European command of the sea meant that the Europeans could always bring the fight to the indigenous peoples, while the indigenous peoples were never able to bring the fight to the Europeans. This is the first and perhaps the most important similarity between the imperial wars of yesterday and the humanitarian operations of today: the economic and technological might that produces command of air and sea meant that the French forces could easily deploy to Rwanda during Opération Turquiose, while no possibility ever existed of the Hutu forces deploying to France.

Colonial Warfare in the Pre-Industrial Age (1700 - 1870)

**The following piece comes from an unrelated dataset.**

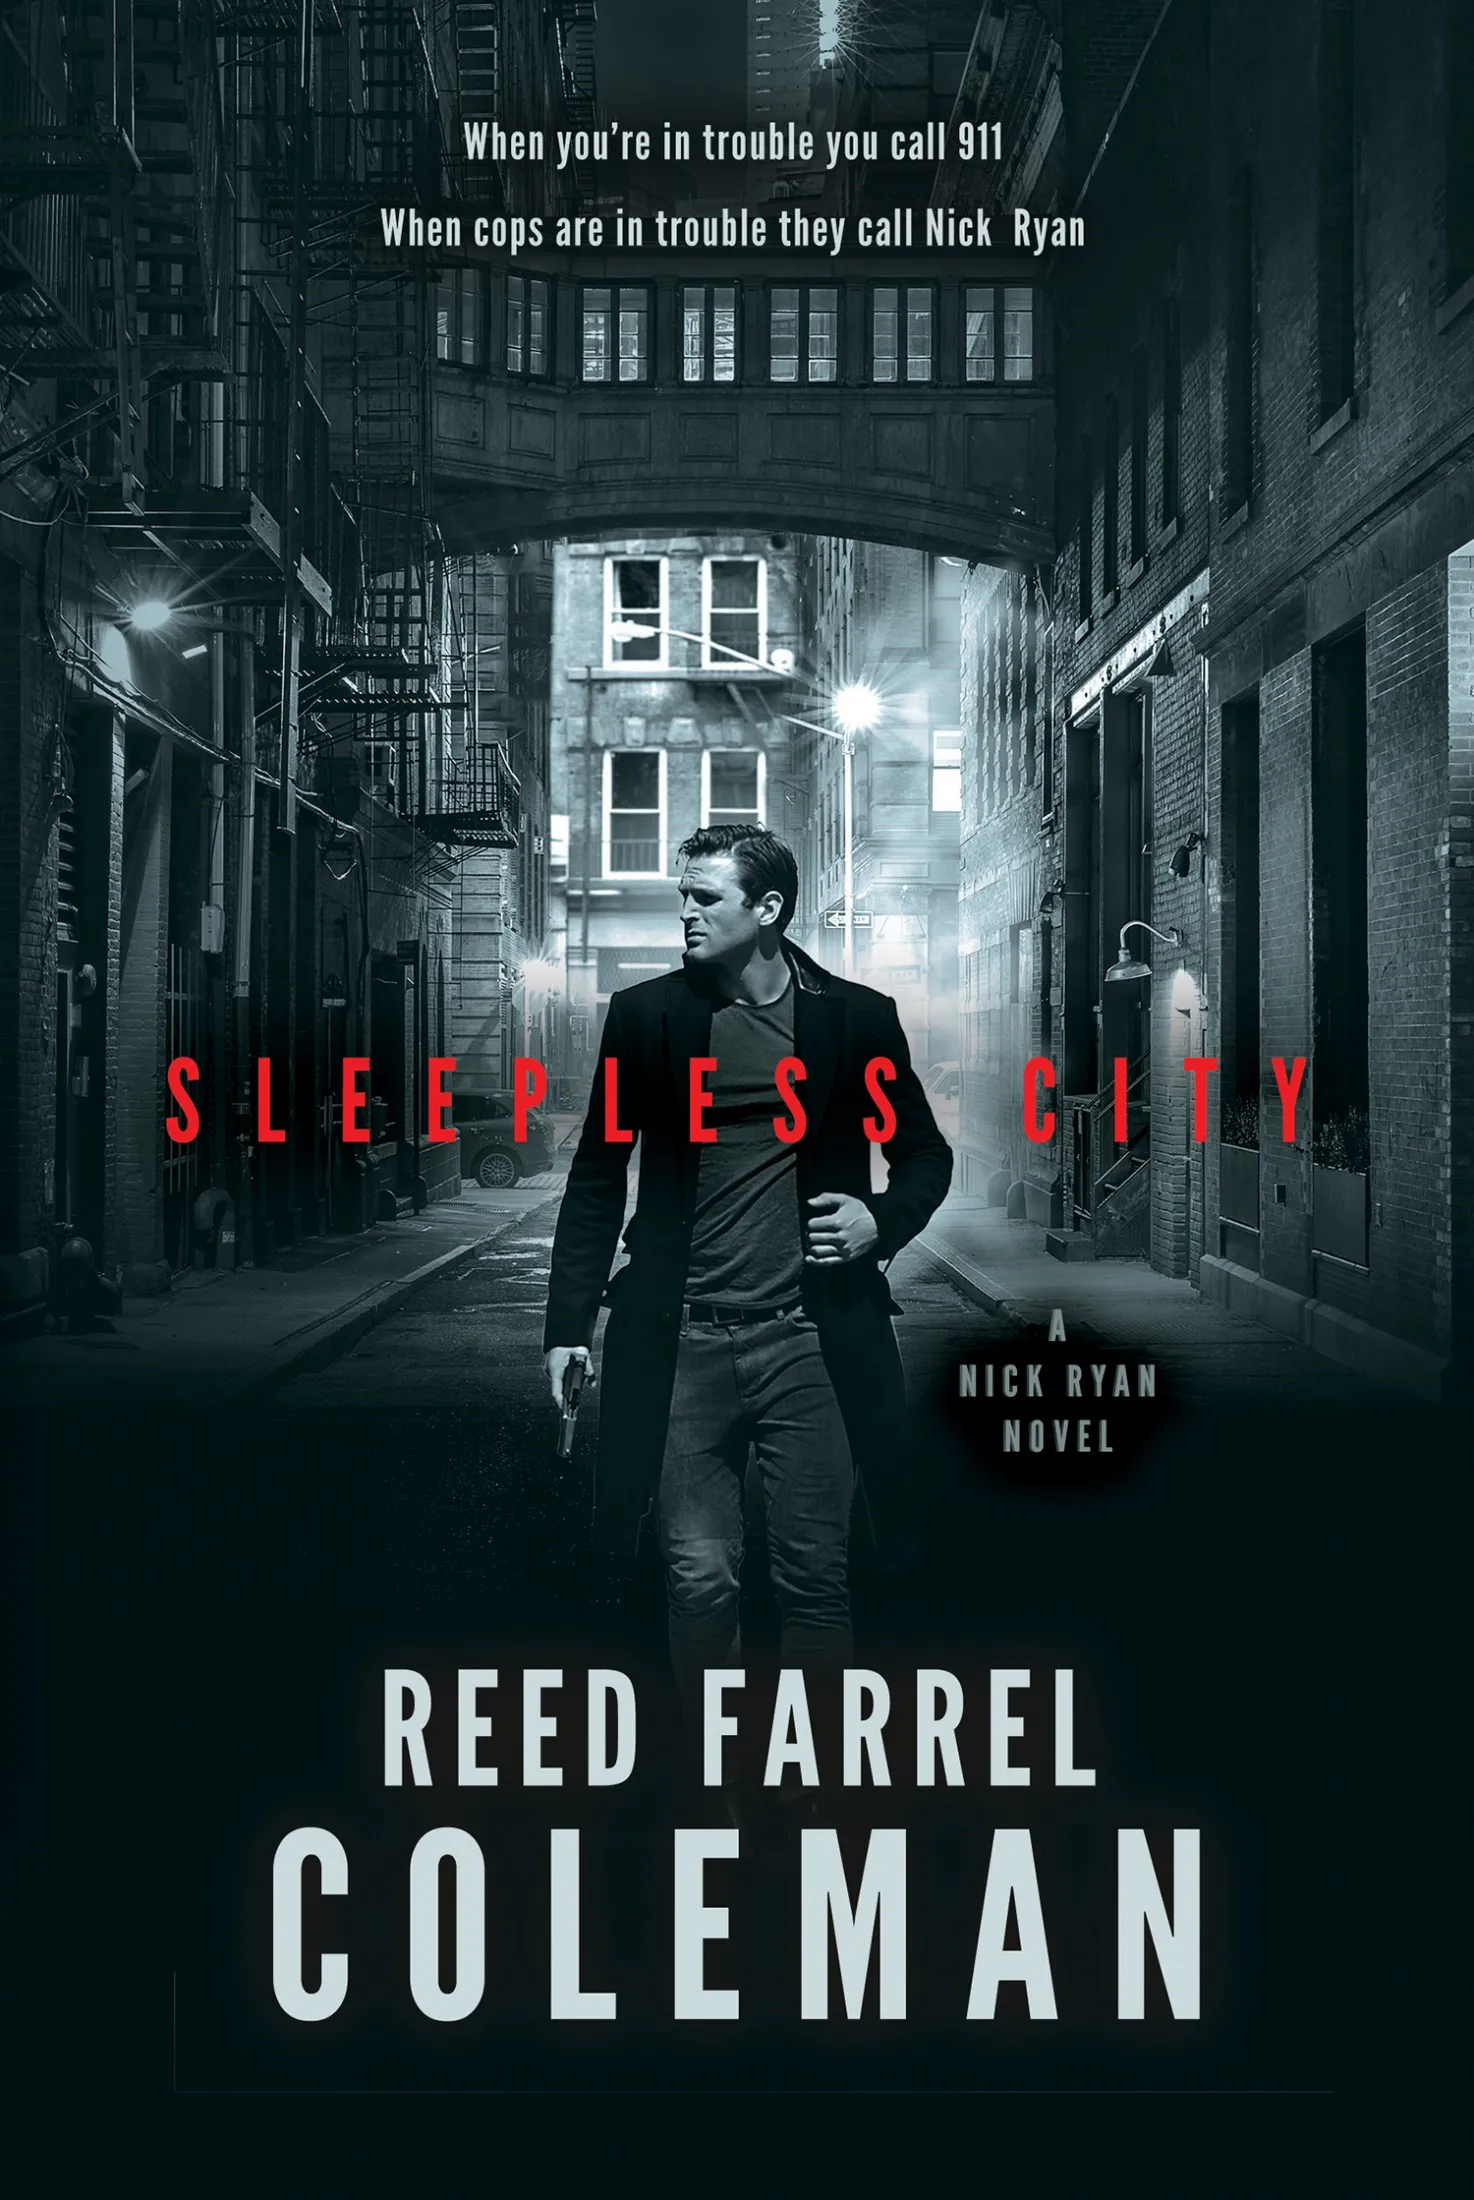 Sleepless City (Nick Ryan #1)

What sets the second period off from the first was a spectacular growth in trade, propelled by an insatiable European demand for spices, gold, sugar, tobacco, coffee, tea, palm oil, and opium, this last for sale in China. An unfortunate side effect of global trade was increased political instability in Africa and Asia. Political instability among indigenous peoples was exacerbated by the way in which European rivalries and wars became world wide during the eighteenth century, with the conquest and re-conquest of colonies becoming an increasing adjunct to the battles in Europe proper. To cope with this instability or to beat out rivals, ambitious and independent-minded officers in the colonies eagerly claimed increasingly large portions of the world for the mother country (p18; 50-1). Again, Porch emphasizes that the Europeans held no technological advantage in land warfare over indigenous forces during this period.

As important as organizational and naval technologies were, they cannot by themselves account for the success of European arms against indigenous forces. Indeed, the primary reason for European success in these colonial wars had nothing to do with matters military. Rather, it was the lack of social solidarity and political cohesion among the indigenous peoples. Riven by all sorts of geographic, tribal, ethnic, cast, or clan disputes, the indigenous societies were easily divided and conquered by the Europeans. Always able to find ready allies and willing local recruits, the Europeans were able to compensate for their military weakness on land. Consequently, what finally accounts for European success of arms is indigenous weakness and the lack of solidarity in the face of the European threat: "...their bonds of common culture weak, a unified response based upon a shared sense of self-interest, when it could be mustered, seldom survived the first military debacle." (p140; 21-3; 139) Indigenous societies lacked a national spirit during a time when only a unified nation would have been strong enough to fend off European encroachments. A national spirit - what the Europeans came to call nationalism - was what separated the conquerors from the conquered during this period.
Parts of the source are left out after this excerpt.